Exhibit 10.49
PLEDGE AND SECURITY AGREEMENT
This Pledge and Security Agreement (the “Agreement”) is entered into as of November 27, 2018 by and between Caribou Biosciences, Inc., a Delaware corporation (the “Company”), and Rachel E. Haurwitz, Ph.D. (“Borrower”).
RECITALS
A. The Company has loaned to Borrower $1,100,000.00 as evidenced by that certain Promissory Note dated as of November 27, 2018 (the “Note”).
B. In order to secure payment of the Note, Borrower hereby pledges and grants a security interest in 225,410 shares of the Company’s Common Stock standing in Borrower’s name on the books of the Company and represented by Certificate No. 02 (the “Shares”).
AGREEMENT
In consideration of the Company’s acceptance of the Note in payment of the purchase price of the Shares, and for other good and valuable consideration, the receipt of which is hereby acknowledged, the parties hereto agree as follows:
1. Borrower shall deliver to the Secretary of the Company, her designee (hereinafter referred to as the “Pledge Holder”), all certificates representing the Shares, together with an Assignment Separate from Certificate in the form attached to this Agreement as Attachment A executed by Borrower and by Borrower’s spouse (if required for transfer), in blank, for use in transferring all or a portion of the Shares to the Company if, as and when required pursuant to this Agreement. In addition, if Borrower is married, Borrower’s spouse shall execute the signature page attached to this Agreement.
2. As security for the payment of the Note and any renewal, extension or modification of the Note, Borrower hereby grants to the Company a security interest in and pledges with and delivers to the Company her Shares (sometimes referred to herein as the “Collateral”).

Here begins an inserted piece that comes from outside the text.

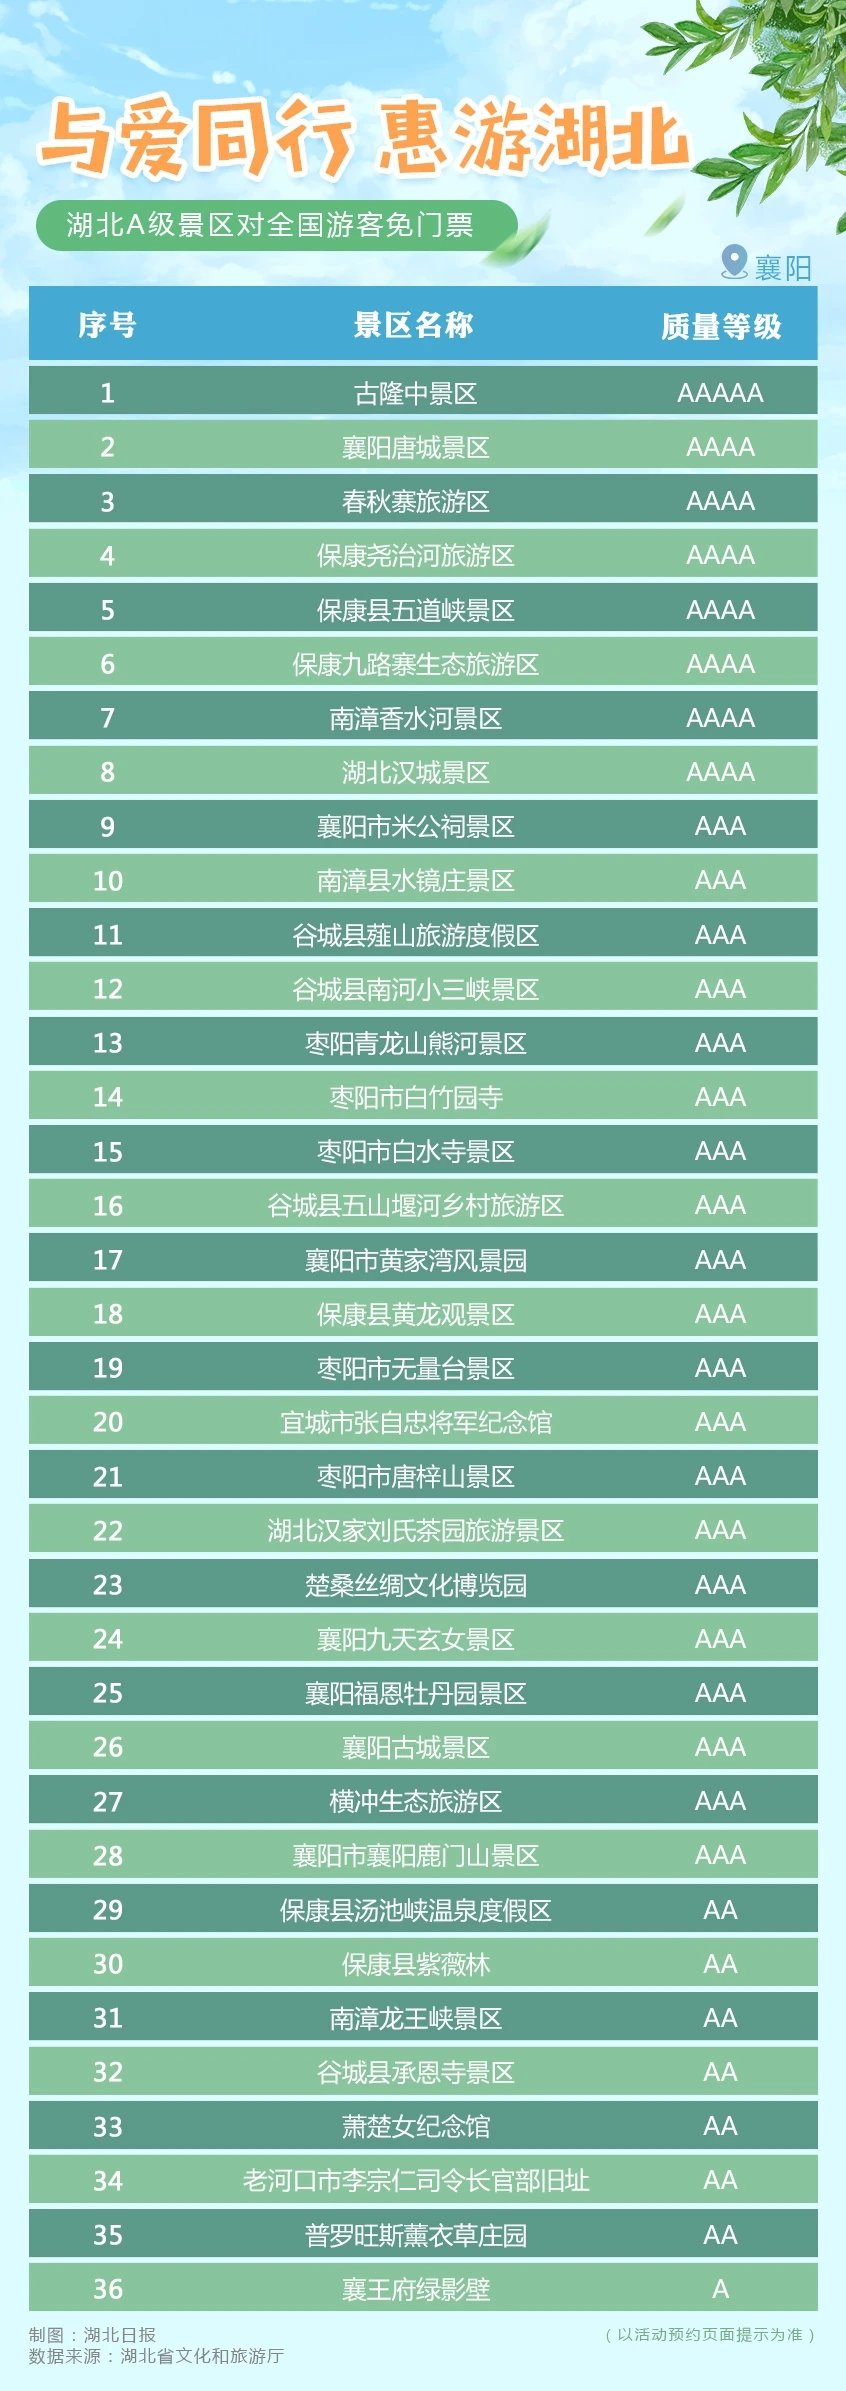 2020年惠游湖北【襄阳】A级景区免费名单​一览表

3. In the event that Borrower prepays a portion of the Note, in accordance with the provisions thereof, Borrower intends, unless written notice to the contrary is delivered to the Pledge Holder, that the Shares represented by the portion of the Note so repaid, including accrued interest thereon, shall continue to be so held by the Pledge Holder, to serve as independent collateral for the outstanding portion of the Note.
4. In the event of any foreclosure of the security interest created by this Agreement, the Company may sell the Shares at a private sale or may repurchase the Shares itself. The parties agree that, prior to the establishment of a public market for the Shares, the securities laws affecting sale of the Shares may make a public sale of the Shares commercially unreasonable. The parties further agree that the repurchasing of such Shares by the Company, or by any person to whom the Company may have assigned its rights under this Agreement, is commercially reasonable if made at a price determined by the Company’s Board of Directors in its discretion, fairly exercised, representing what would be the fair market value of the Shares reduced by any limitation on transferability, whether due to the size of the block of shares or the restrictions of applicable securities laws.
5. In the event of default in payment when due of any indebtedness under the Note, the Company may elect then, or at any time thereafter, to exercise all rights available to a secured party under applicable law including the right to sell the Collateral at a private or public sale or repurchase the Shares as provided above. The proceeds of any sale shall be applied in the following order:
(a) To the extent necessary, proceeds shall be used to pay all reasonable expenses of the Company in enforcing this Agreement and the Note, including, without limitation, reasonable attorneys’ fees and legal expenses incurred by the Company.